In a Minor Key
Description
$25.95
ISBN 0-88750-823-5
DDC C843'.54
Author
Publisher
Year
Contributor
Ronald Conrad is a professor of English at the Ryerson Polytechnical
Institute in Toronto.
Review
In a Minor Key is David Lobdell’s translation of L’obsédante
obиse, which in 1987 won the Governor General’s Literary Award for
French-language fiction. In this unusual book, Quebec writer Gilles
Archambault turns from novel-length fiction to a form so compressed, so
minimal, that he gives us two complete fictions per page. Much briefer
than even short-short stories, these pieces reveal a pivotal moment in
life, a glimpse of that life’s essense, in a language more poetry than
prose.
Whether Archambault speaks in a voice young or old, male or female, his
worldview is classical: youth, sensual and joyful, passes swiftly by,
leaving us looking back. With heavy irony he portrays in fiction after
fiction this motif of ubi sunt: youth has fled, and with it love, but
desire remains. “I keep nothing, I throw everything out,” says one
speaker, “in the mistaken belief that it will always be possible to
begin anew. Yet when a new beginning appears, the old has made it
inaccessible: “There he is, following 30 years of loyal service,
completing the retirement forms with an exemplary attention to detail.

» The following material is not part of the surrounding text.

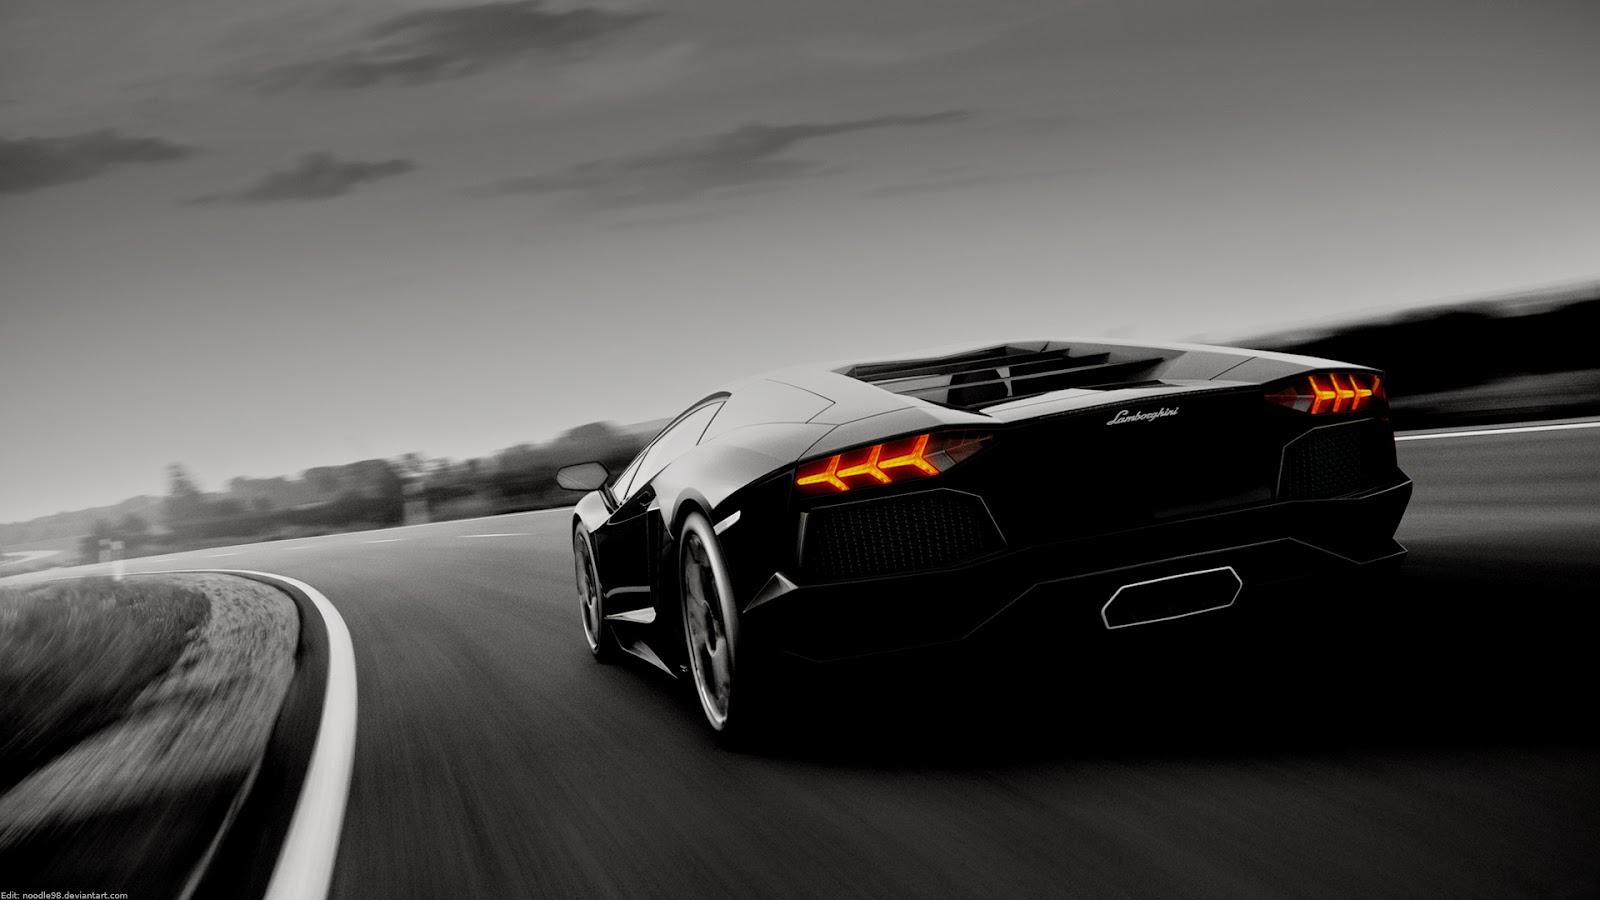 Veneno Hd Wallpaper ดาวน์โหลด Lamborghini Wallpaper Hd พื้นที่ Download

He is decidedly less youthful than at the time of joining the Company;
the furrows on his brow are more numerous today, his shoulders are more
rounded, and he no longer sees very clearly. At last, the freedom he so
often dreamed of in his youth! But why is it that, on the threshold of
bliss, he finds himself trembling?”
The translator of minimalist writing is under a particular obligation
to render words and phrases naturally. David Lobdell’s version is a
bit stiff and literal, relying too easily on cognates rather than
recasting into new and idiomatic English. That the power still comes
through is a tribute to the original.